- Developers: Triumph Studios, Epic MegaGames
- Publishers: NA: Gathering of Developers; EU: Take-Two Interactive;
- Director: Lennart Sas
- Designers: Lennart Sas, Arno van Wingerden
- Programmer: Arno van Wingerden
- Artists: Thomas Cardin, Roy Postma, Lennart Sas
- Writer: Raymond Bingham
- Composer: Michiel van den Bos
- Series: Age of Wonders
- Platform: Microsoft Windows
- Release: NA: November 11, 1999; EU: February 9, 2000;
- Genre: Turn-based strategy
- Modes: Single-player, multiplayer

= Age of Wonders =

1999 video game

Age of Wonders is a 1999 turn-based strategy game co-developed by Triumph Studios and Epic MegaGames, and published by Gathering of Developers.

Age of Wonders underwent a long production cycle, and was originally developed under the name World of Wonders. In 1997, the team scrapped its existing work and restarted development, which resulted in Age of Wonders.
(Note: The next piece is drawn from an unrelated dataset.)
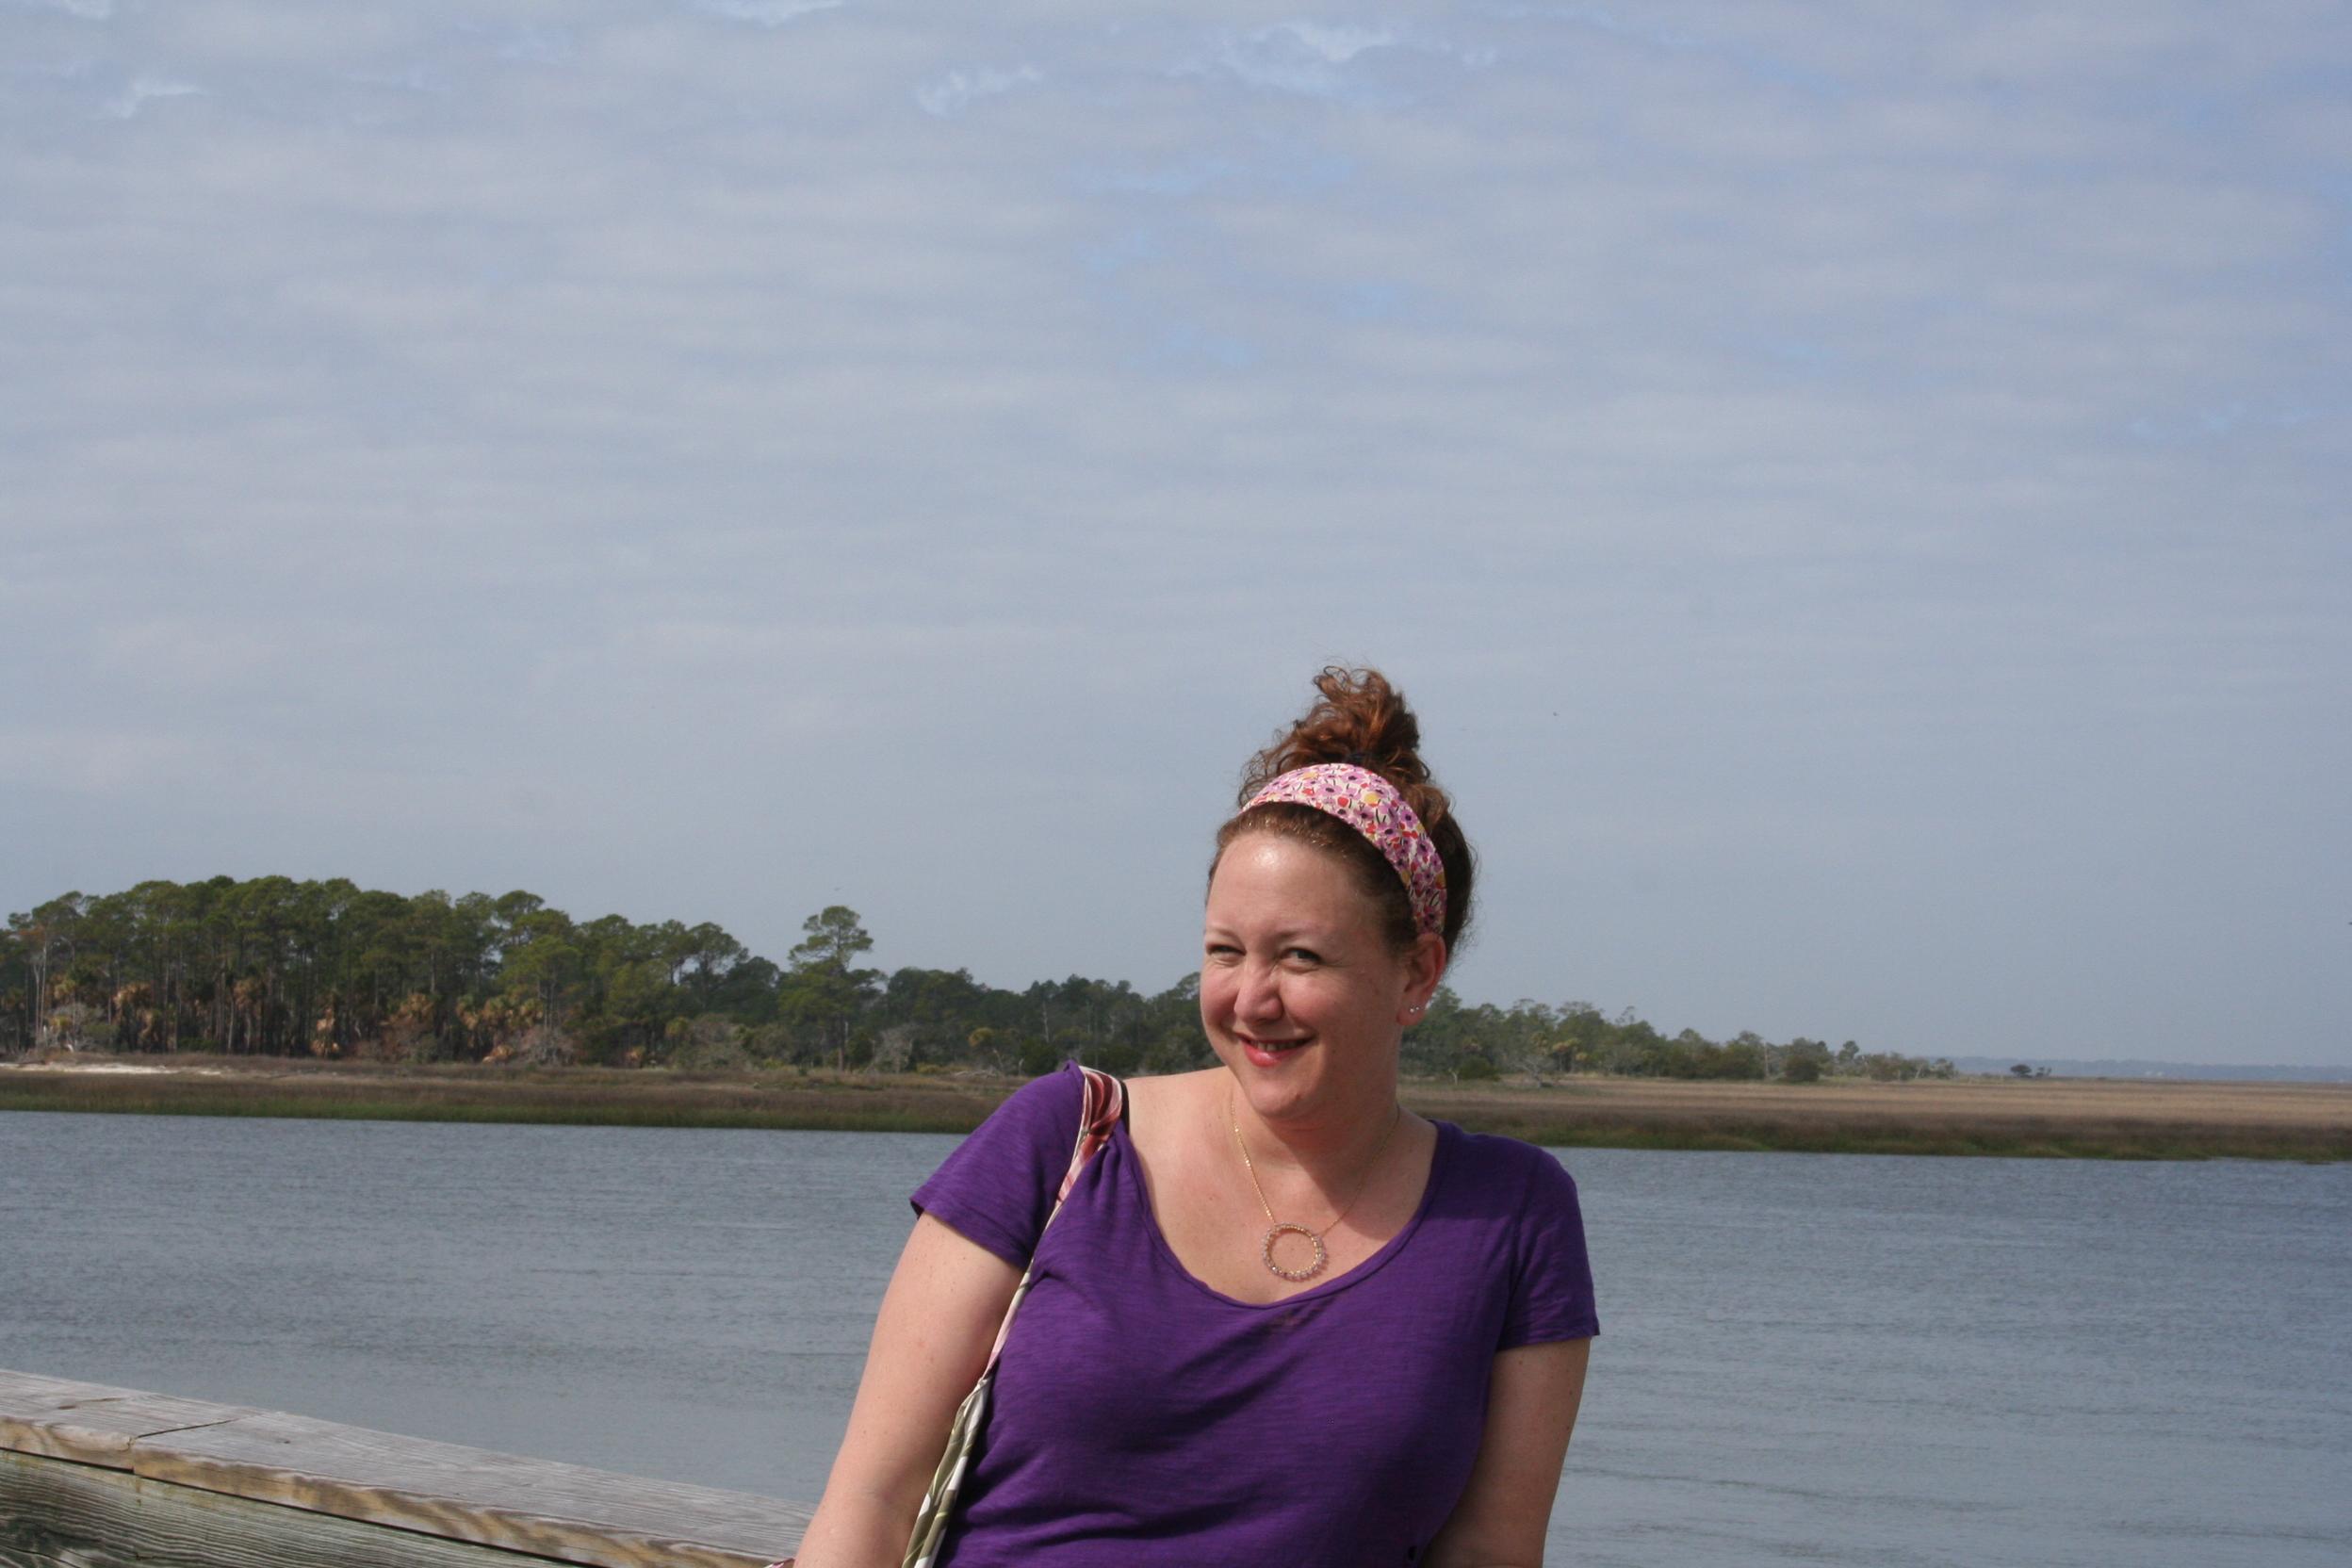 Don't I look happy to be having my photo made?

The game won positive reviews and was a moderate commercial success, with global sales of roughly 200,000 units by 2001. It began a franchise and was followed by five sequels: Age of Wonders II: The Wizard's Throne, Age of Wonders: Shadow Magic, Age of Wonders III, Age of Wonders: Planetfall, and Age of Wonders 4. In 2010, the first game was re-released on GOG.com and Steam.

==Gameplay==
Age of Wonders is a turn-based strategy game that takes place from an isometric perspective, which consists of hexagonal tiles. Units are arranged into groups (also known as parties or stacks) of up to eight units; a single such group occupies one tile. Cities occupy between one and four tiles, and other structures generally occupy a single tile. Units within the game have a limited number of movement points, which are replenished at the beginning of each turn. Two turn systems are used - sequential (or "classic"), where players take their turns in order, or simultaneous, where all players can move units at once. In practice, actions in the latter system are added and executed via a queue.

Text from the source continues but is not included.